Your objective:
Every line in the data below has to be repeated exactly; no picture belongs in the result.

Stored data:
● ● ● ● ● ● ●

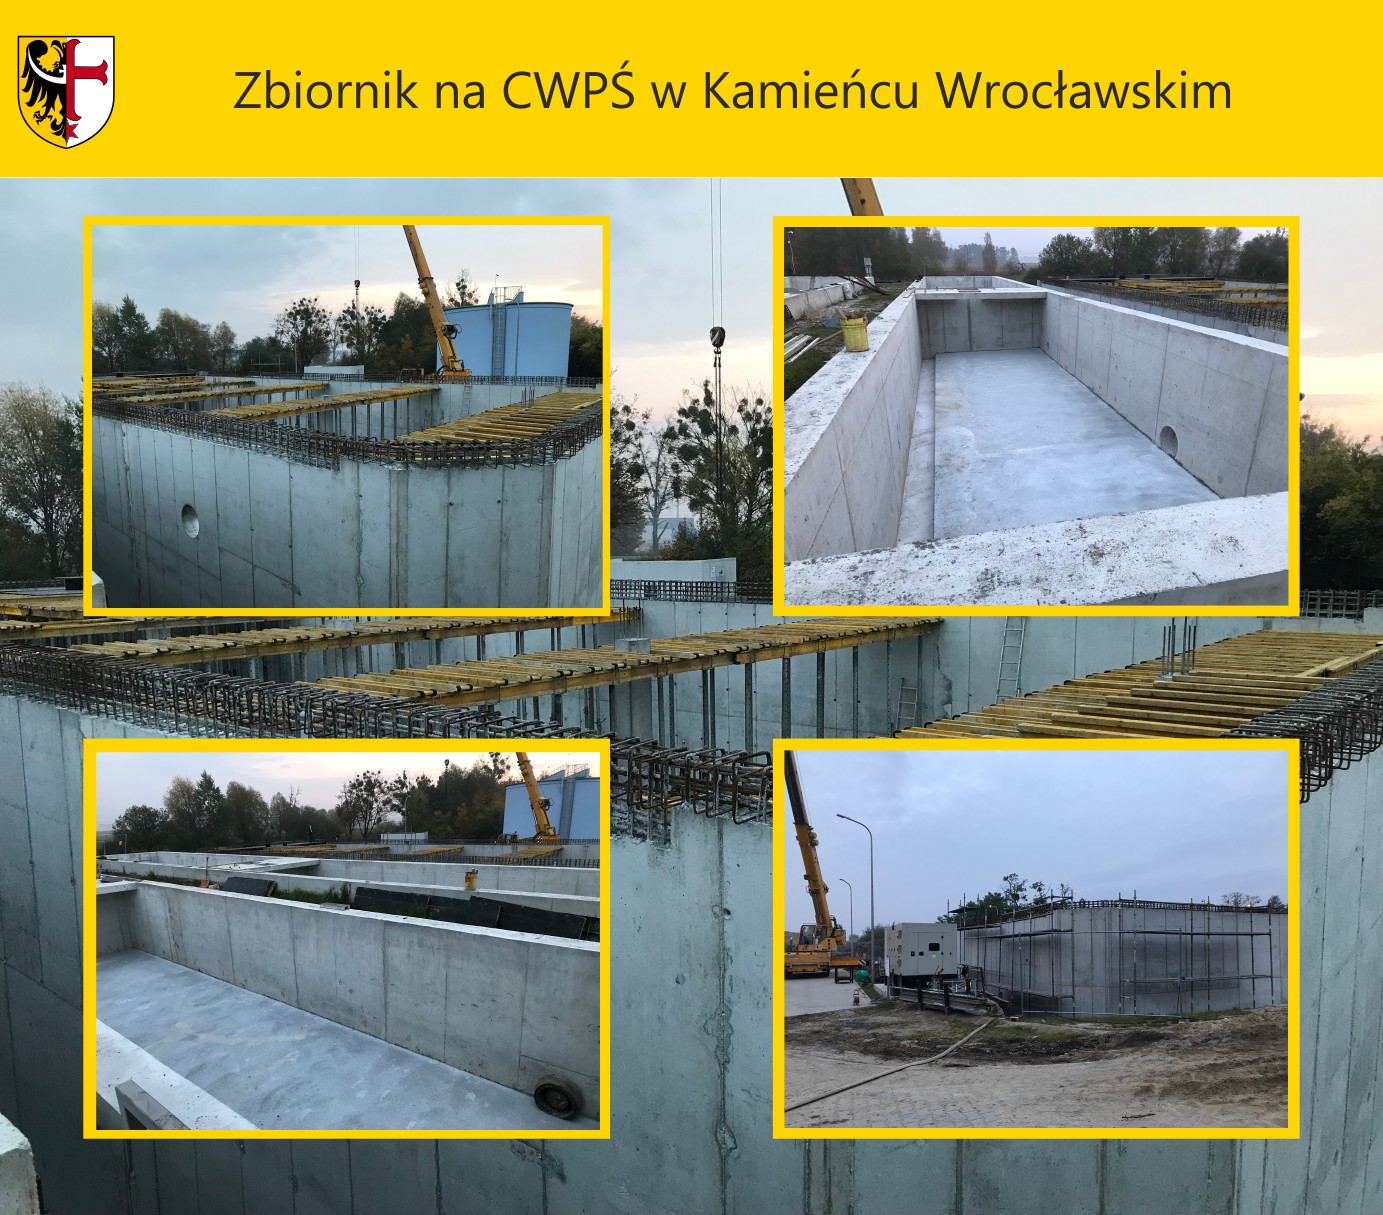 Zbiornik na CWPŚ w Kamieńcu Wrocławskim
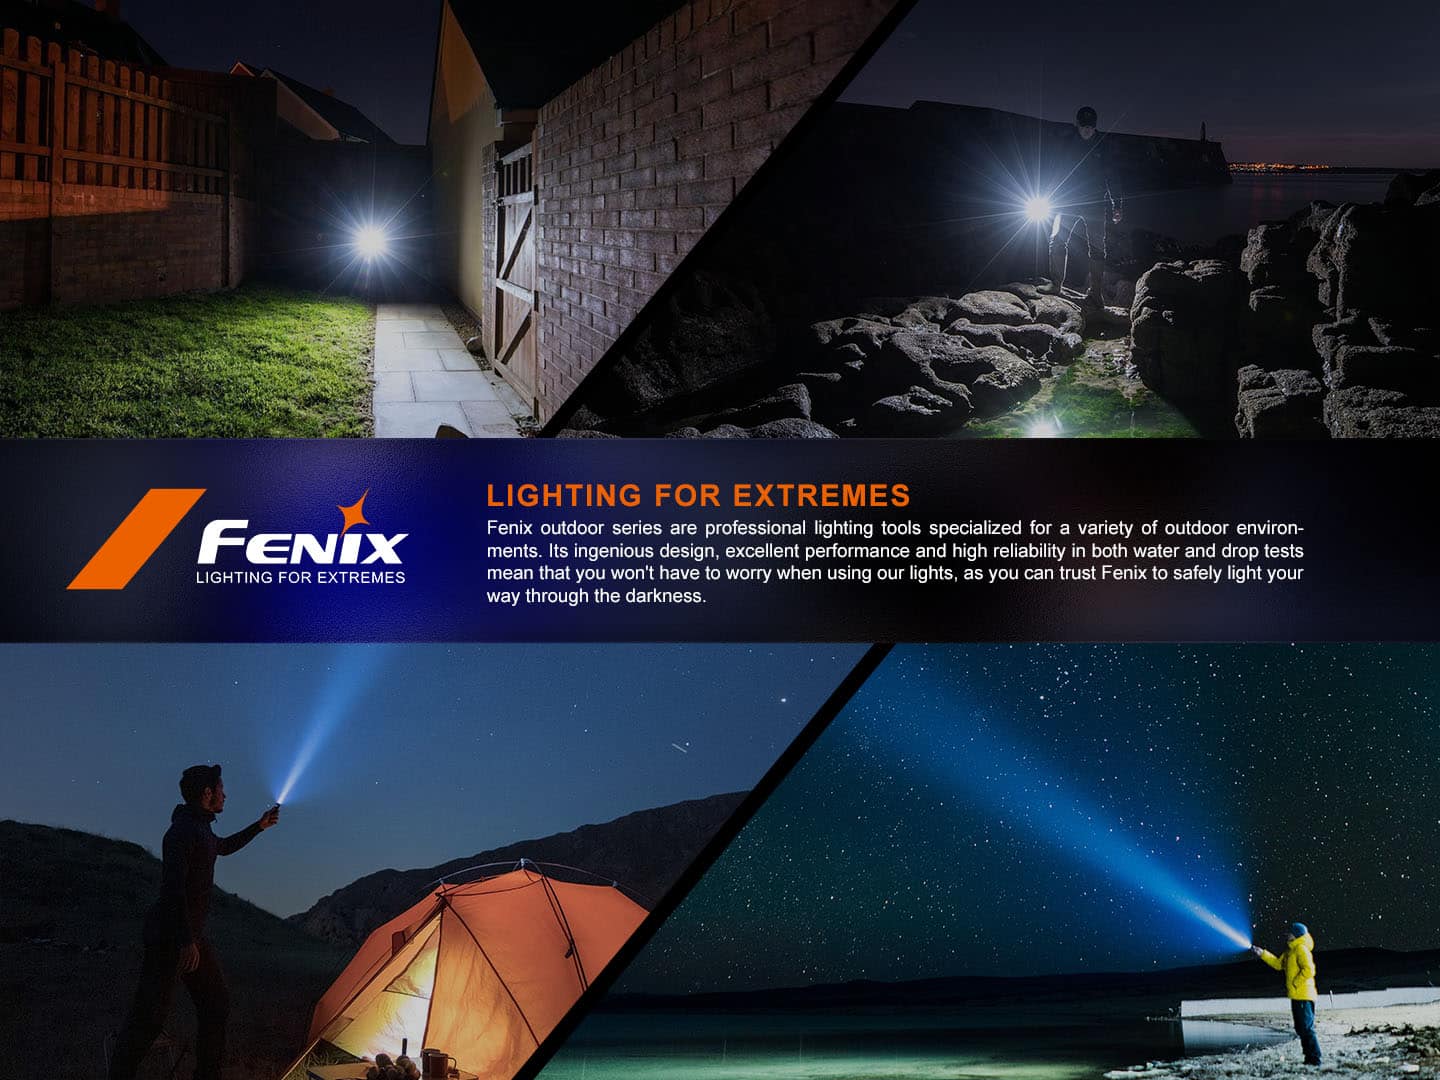 Fenix LD30R - 1700 lumens - ultra compact et légère – Revendeur Officiel Lampes  FENIX depuis 2008
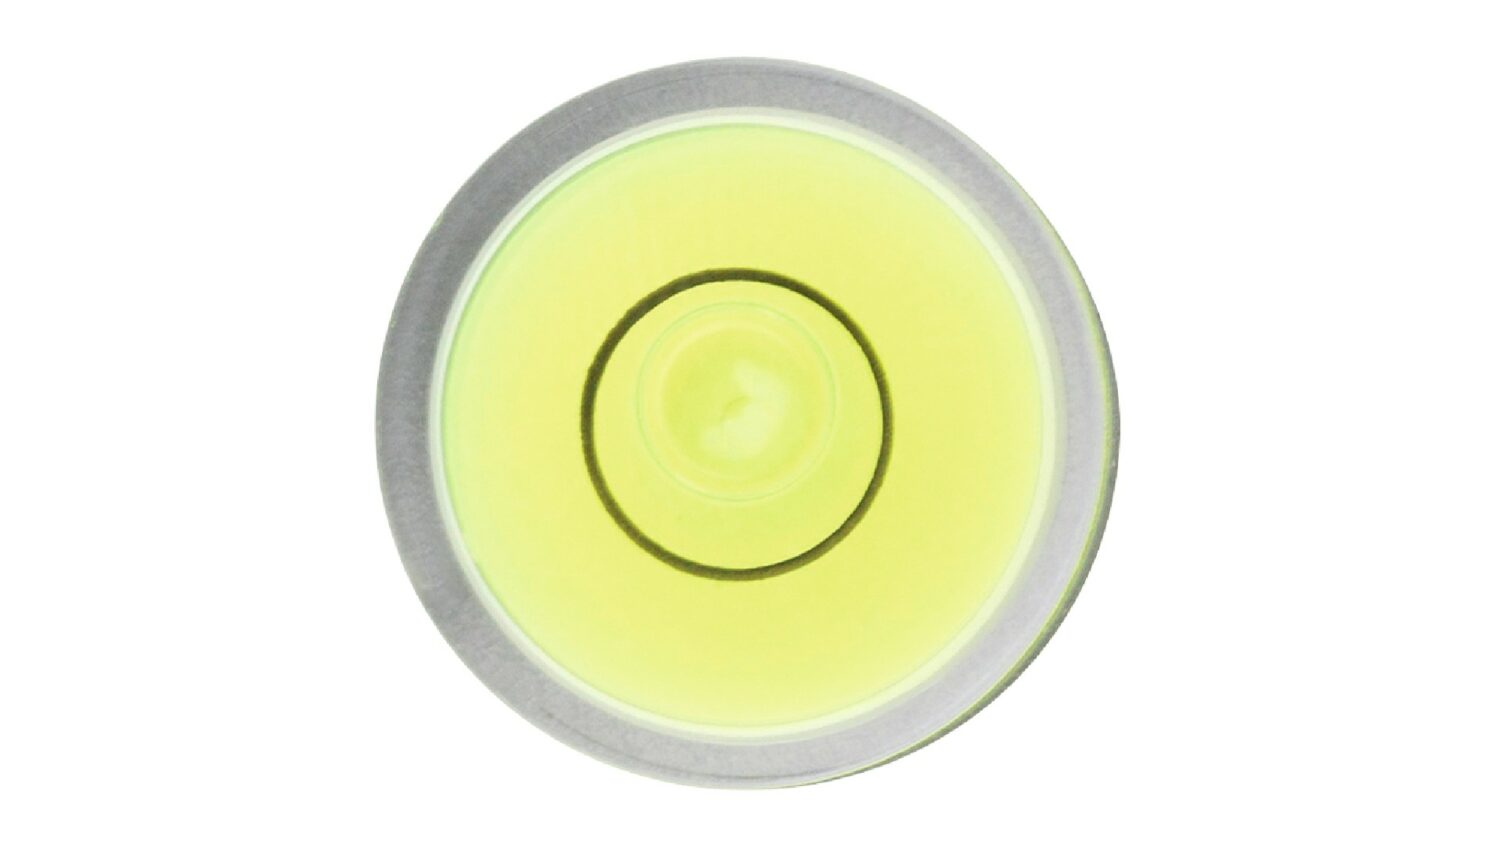 Bild der Sola 69213101 Dosenlibelle 12 mm DB 12 mit grüner Libellenflüssigkeit

● ● ● ● ● ● ●

Result:
 Zbiornik na CWPŚ w Kamieńcu Wrocławskim
 Fenix LD30R - 1700 lumens - ultra compact et légère – Revendeur Officiel Lampes  FENIX depuis 2008
 Bild der Sola 69213101 Dosenlibelle 12 mm DB 12 mit grüner Libellenflüssigkeit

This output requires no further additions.